Тем временем перед ними по всей улице двигались паломники, отчаянно проталкиваясь к святилищу, где они собирались получить отпущение всех своих грехов.

– Они там сейчас передавят друг друга, – заметила кружевница Маргарита. – Вот так же двадцать два года тому назад на паперти у Благовещения задохлось до смерти двести человек, упокой, господи, их души! Хорошее это было время: я тогда совсем молодая была.

– Что верно, то верно! В тот год, о котором ты говоришь, двести паломников выжали друг из друга дух и ушли из этого мира в иной.
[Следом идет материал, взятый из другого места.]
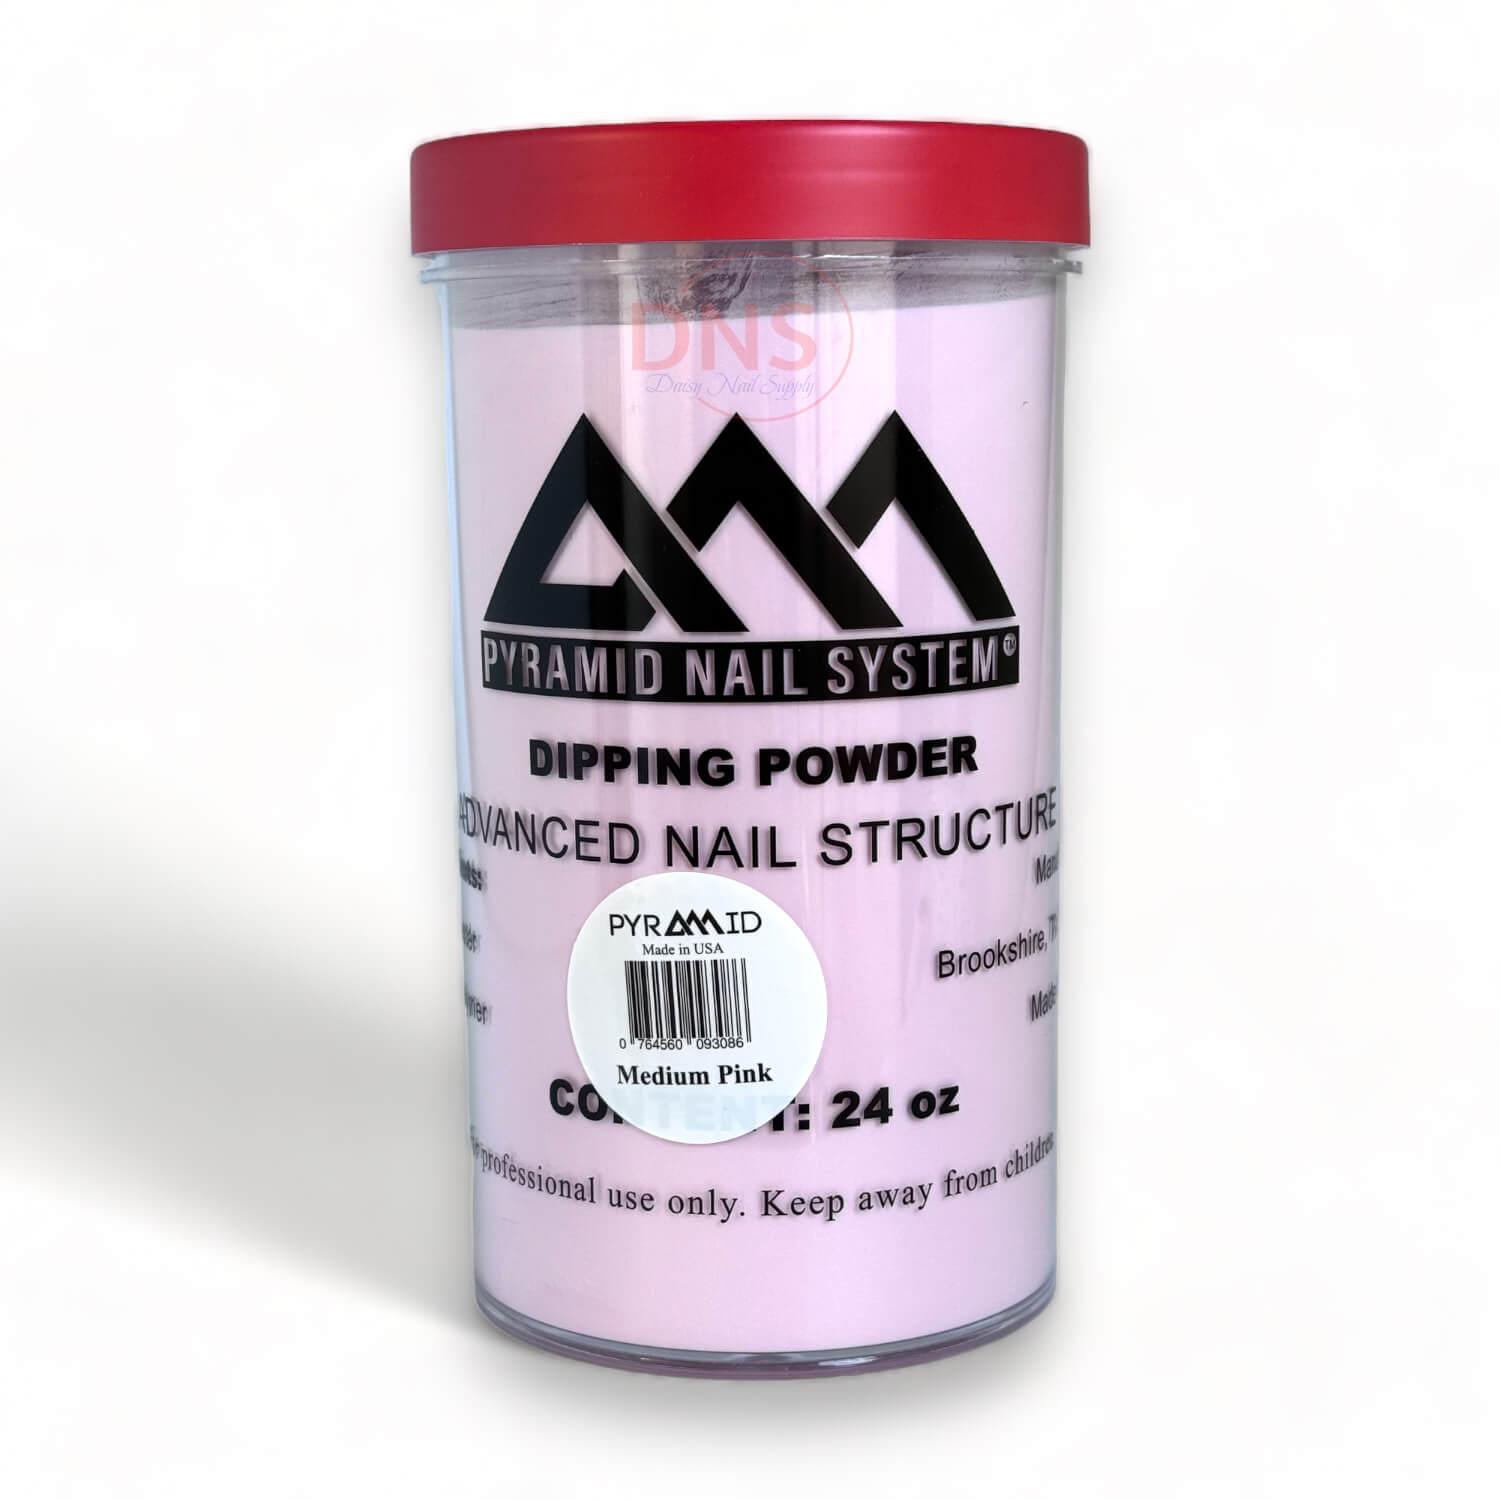 Pyramid Dip Powder Refill 24 Oz - Medium Pink

А на другой день о них уже позабыли.

Разговаривая таким образом, Флоран Гильом высмотрел в толпе толстого богомольца, который не столь ревностно, как остальные, пробивался вперед за отпущением грехов и в смущении медлил, боязливо озираясь но сторонам. Флоран Гильом протиснулся к нему и почтительно поклонился.

– Мессир, – начал он, – сразу видно, что вы человек разумный и бывалый, ибо вы не спешите за отпущением, как вон те бараны на бойню. Ведь этой скотине до того не терпится, что задние тычутся мордой в хвост передним. А вот вы поступаете осмотрительно. Позвольте мне быть вашим проводником, и вы об этом де пожалеете.
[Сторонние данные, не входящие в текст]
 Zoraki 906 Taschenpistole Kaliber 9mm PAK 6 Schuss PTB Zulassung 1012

Однако паломник, оказавшийся дворянином из Лиможа, ответил на тамошнем наречии, что он обойдется без такого дрянного оборванца и сам доберется до церкви, где ему отпустят все его прегрешения. С этими словами он двинулся было дальше, но Флоран Гильом бросился ему в ноги и, вцепившись себе в волосы, завопил:

– Стойте, стойте, мессир! Господом нашим и всеми святыми заклинаю вас: не идите дальше! Иначе вы погибли – а вы не из тех, на чью смерть смотришь без слез и без жалости. Еще два шага – и вы пропали! Ведь наверху страшная давка. Уже целых шестьсот паломников отдали богу душу, и это еще только начало. Разве не знаете вы, мессир, что двадцать два года назад, в лето тысяча четыреста седьмое, в такой же день и час, на этой самой паперти было до смерти задавлено девять тысяч шестьсот тридцать восемь человек, не считая женщин и малых детей? Мессир, если вас постигнет такая же участь, я буду безутешен: вы ведь такой человек, что, как вас увидишь, так и полюбишь, да еще сразу захочешь услужить вам во что бы то ни стало.